COLUMBUS — Families gathered on the stage inside the Central Community College-Columbus Fine Arts Theater, waving small American flags.

The word "congratulations" came up more than once.

Twenty-nine immigrants became United States citizens Wednesday during the naturalization ceremony at the local college.

Columbus Area Chamber of Commerce President K.C. Belitz reminded audience members about the important role immigrants have in America, despite all the recent "noise" on the topic.

“This country has always been a country of immigrants,” Belitz said. “And that will never change."

CCC-C President Matt Gotschall also spoke about the importance of immigration and his appreciation for those coming to the community.

“Today we look back on our own ancestry,” Gotschall said. “The oath that will be pledged today was written in 1790. It encourages us all to spread liberty and justice all over the world."

Gotschall encouraged the new citizens to be engaged by serving their communities, employers and families and offered his congratulations.

“We’re here to help if you need it,” he added.

After receiving his certificate, Marshall Leslie, originally of Calgary, Alberta, Canada, helped end the ceremony by leading the crowd in the Pledge of Allegiance.

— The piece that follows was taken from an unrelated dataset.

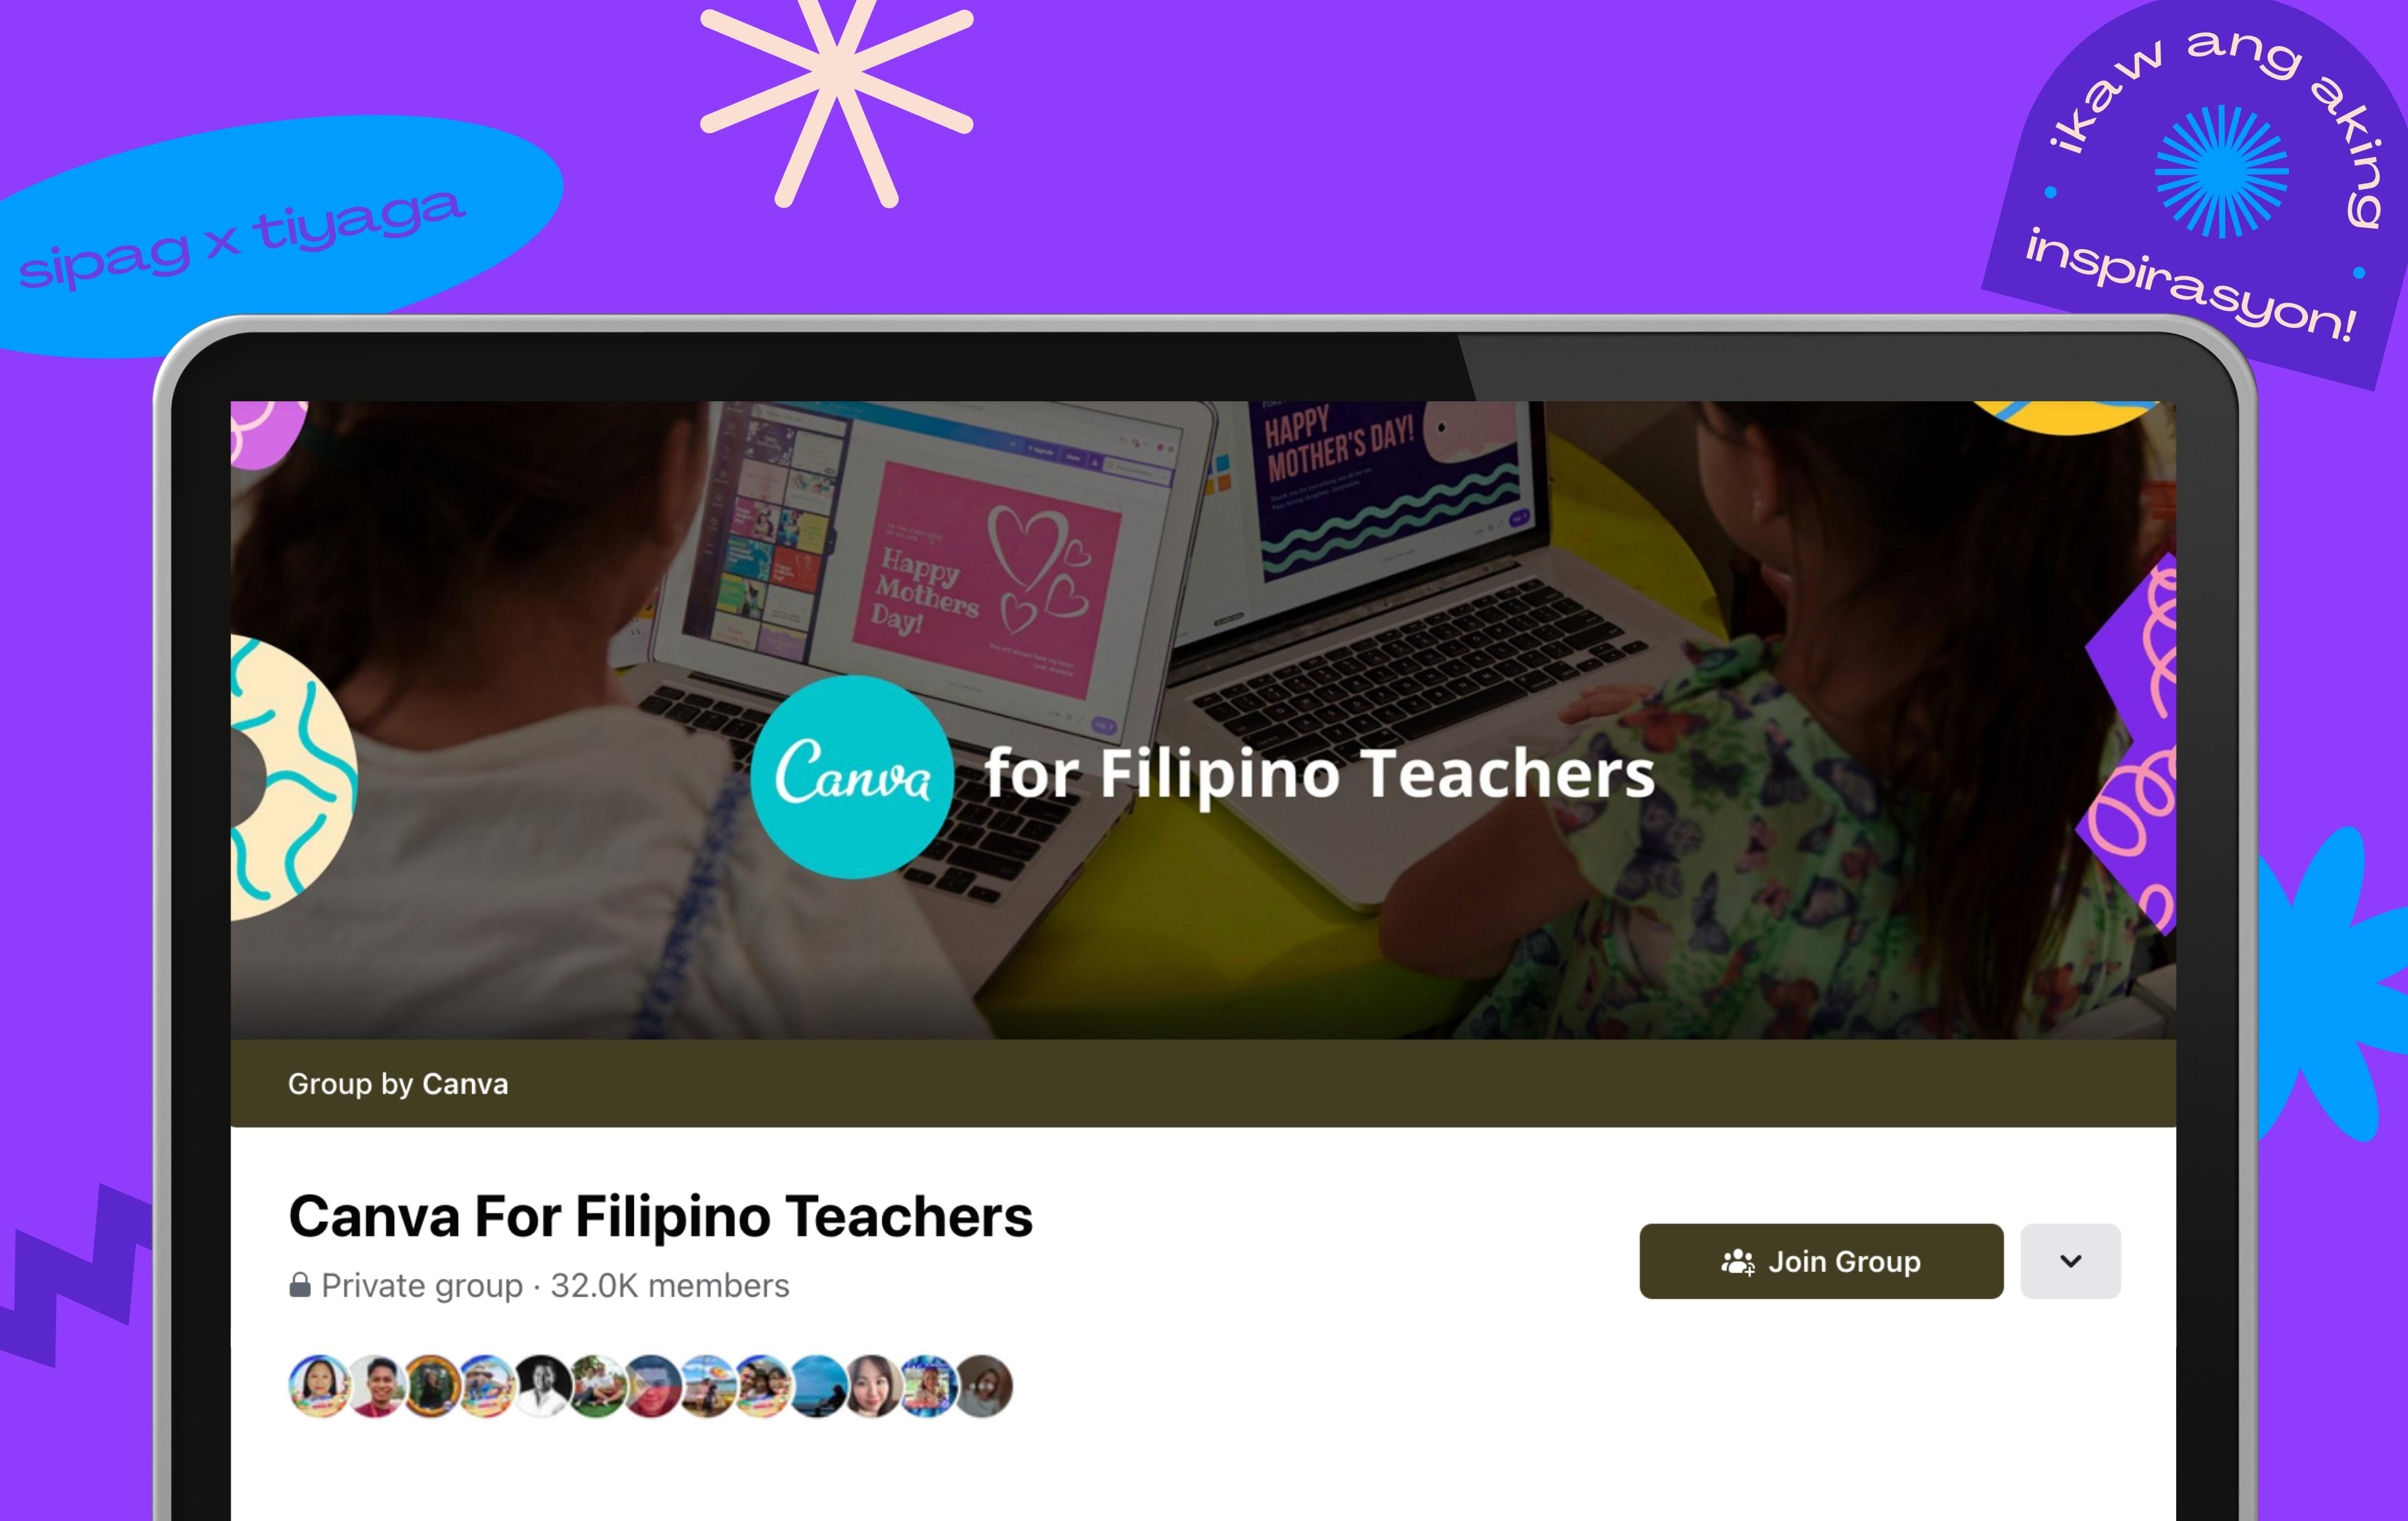 Canva Eskwela - Canva for Filipino Teachers

“I’ve been in the States since 1999,” Leslie said. “I wanted to gain citizenship in order to vote in the next election.”

The same was true for Tong Fang from China.

"I hope to be able to vote someday,” Fang said. “But I am proud. This was mostly an important achievement.”

Other immigrants changed their citizenship for family reasons.

Lazaro Sanchez, originally from Mexico, has been in the United States for 30 years.

“I used to live in Juarez, but I moved to Dakota City 30 years ago,” Sanchez said. “By becoming an American citizen, I know this will make it easier for me to travel back and forth to see my family.”

Senior U.S. District Judge Richard Kopf said the nation has plenty to boast about.

“It is customary to speak with our immigrants about how wonderful the United States is,” Kopf said. “We should be thankful for the immigrants for helping to make us even better. What would Boston be without the Irish brogue? What would Milwaukee be without its German food? Wouldn’t Miami be a boring expanse of sand without the Cubans? We know you will enrich this nation and I say to you, thank you.”

Belitz shared similar thoughts.

“These immigrants add their strength and talent to our community and nation as a whole,” he said. “They add strengths to our local melting pot. I know they will continue to strengthen our nation with this oath and with their next steps toward their futures."